Indigenous Catholicisms and the Second Vatican Council

AHA Session 213
Conference on Latin American History 44
Saturday, January 5, 2019: 1:30 PM-3:00 PM
Water Tower Parlor (Palmer House Hilton, Sixth Floor)
Chair:
Albert Monshan Wu, American University of Paris
Comment:
Albert Monshan Wu, American University of Paris

Session Abstract

This panel presents three case studies of innovative global Catholicism during and following the Second Vatican Council. The papers look beyond the well-known centers of Church power and progressive Catholicism to highlight unexpected contributions and responses to Vatican II. From French sub-Saharan Africa to rural Mexico and Peru, indigenous Catholics created, shared, and accommodated new ways of being religious in a world shaken by decolonization and revolution.

These studies reveal earnest attempts by Catholics to “indigenize” the Church. Laypeople, priests, nuns, and foreign missionaries dreamt of transforming the Church’s rigid power structures into social movements responsive to local variations of culture, language, and labor conditions. These projects, however, often stood at odds with local popular Catholicism. At the same time, Catholic activists crossed frontiers and oceans, building transnational links across the Global South. A Senegalese convert from Islam influenced French Catholic thought. Quechua-speaking peasants from Lake Titicaca flew to Cameroon to meet with Catholic peasants from Asia and Africa. Pastoral agents organized frequently beyond the purview of the hierarchy, arguing for the compatibility of Catholicism and anti-imperialist third world solidarities.
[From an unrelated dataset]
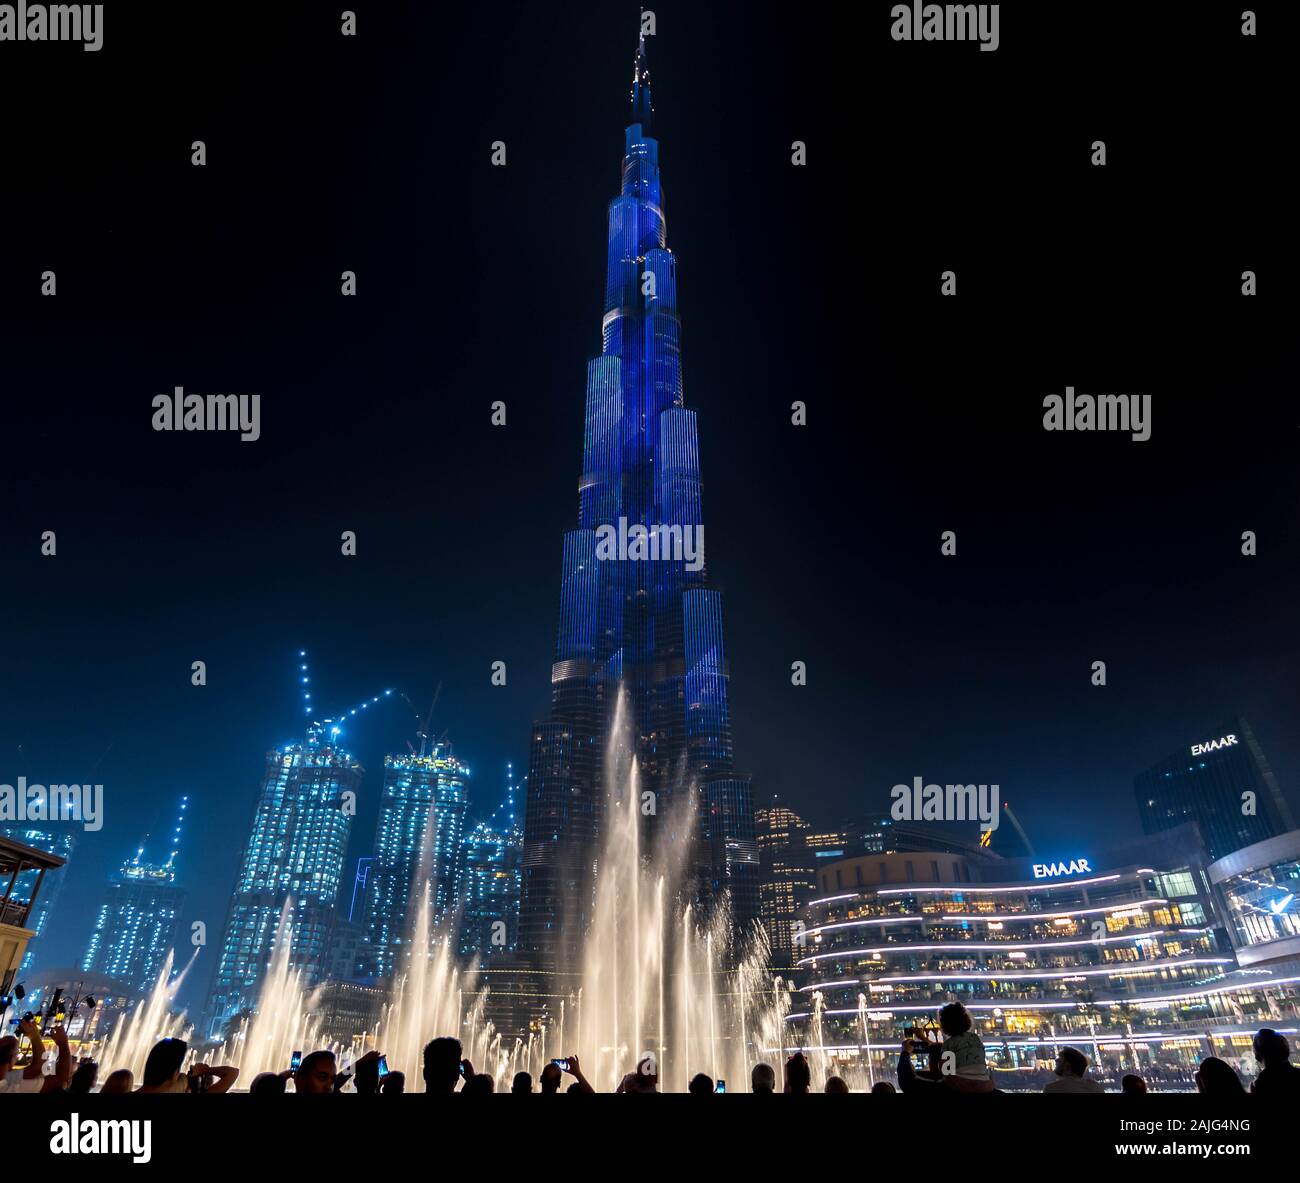 Dubai, Emiratos Árabes Unidos y fuentes de luz: impresionante show en el Burj Khalifa, el edificio más alto rascacielos en el mundo, iluminada por la noche Foto de stock

These innovations met with general disapproval from Rome. If the Second Vatican Council did indeed begin to incorporate marginalized Catholic voices and visions from around the world, the conservative swing under the Pope John Paul II (1978-2005) sought to roll back the most progressive projects that had flourished in the wake of Vatican II. Such conflicts illuminate the multitude of voices reverberating locally, nationally, and transnationally that advanced competing visions of what Catholicism meant and what it could be. Indigenous Catholics asserted their loyalty to the Catholic Church while at the same time building alternative visions of being Catholic and crafting south-to-south collaborations that challenged the doctrinal and pastoral hegemony of the Vatican. The projects and processes examined in this panel take us beyond regional and continental boundaries that so often limit histories of the Church, forcing us to rethink the centers of intellectual, theological, and pastoral production within the Catholic world.